Description: Absorption of union by difference. Theorem 36 of [Suppes] p. 29. (Contributed by NM, 19-May-1998.)

Assertion

Ref	Expression
difun2	|- ( ( A u. B ) \ B ) = ( A \ B )

Proof of Theorem difun2

Step	Hyp	Ref	Expression
1		difundir 3462	. 2 |- ( ( A u.
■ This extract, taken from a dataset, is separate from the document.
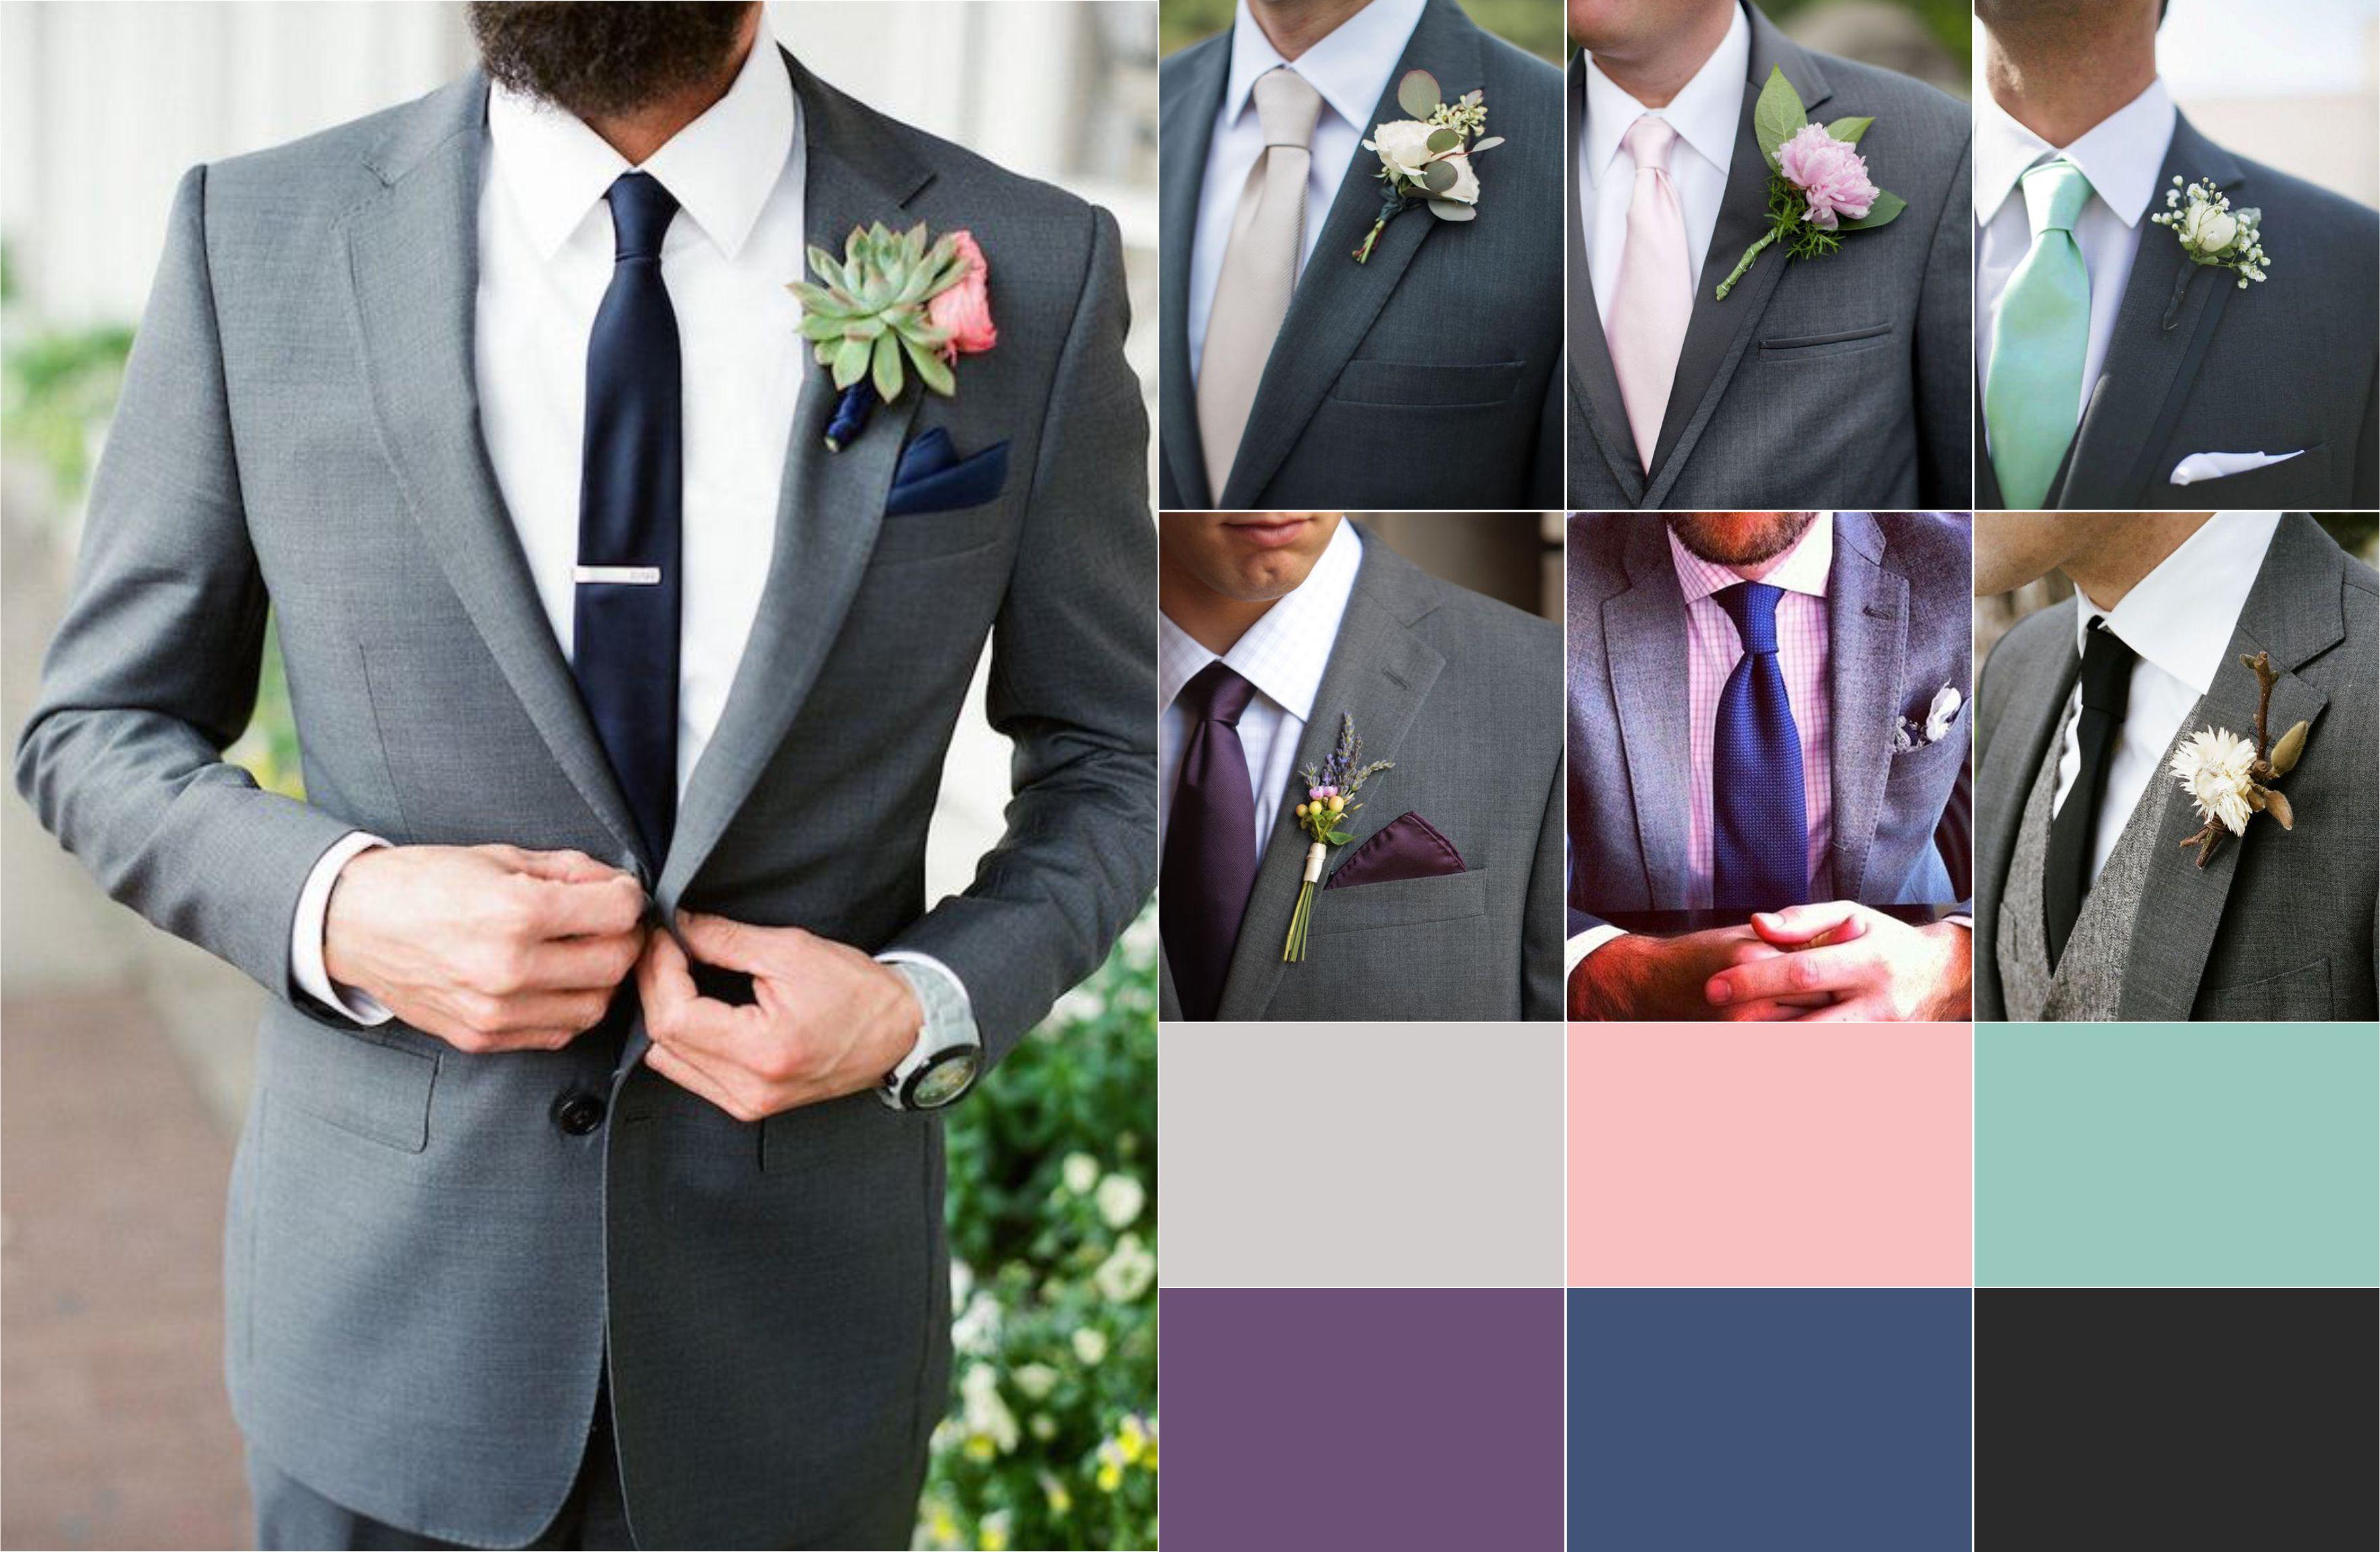 Trajes masculinos para casamento

B ) \ B ) = ( ( A \ B ) u. ( B \ B ) )
2		difid 3565	. . 3 |- ( B \ B ) = (/)
3	2	uneq2i 3360	. 2 |- ( ( A \ B ) u. ( B \ B ) ) = ( ( A \ B ) u. (/) )
4		un0 3530	. 2 |- ( ( A \ B ) u. (/) ) = ( A \ B )
5	1, 3, 4	3eqtri 2256	1 |- ( ( A u. B ) \ B ) = ( A \ B )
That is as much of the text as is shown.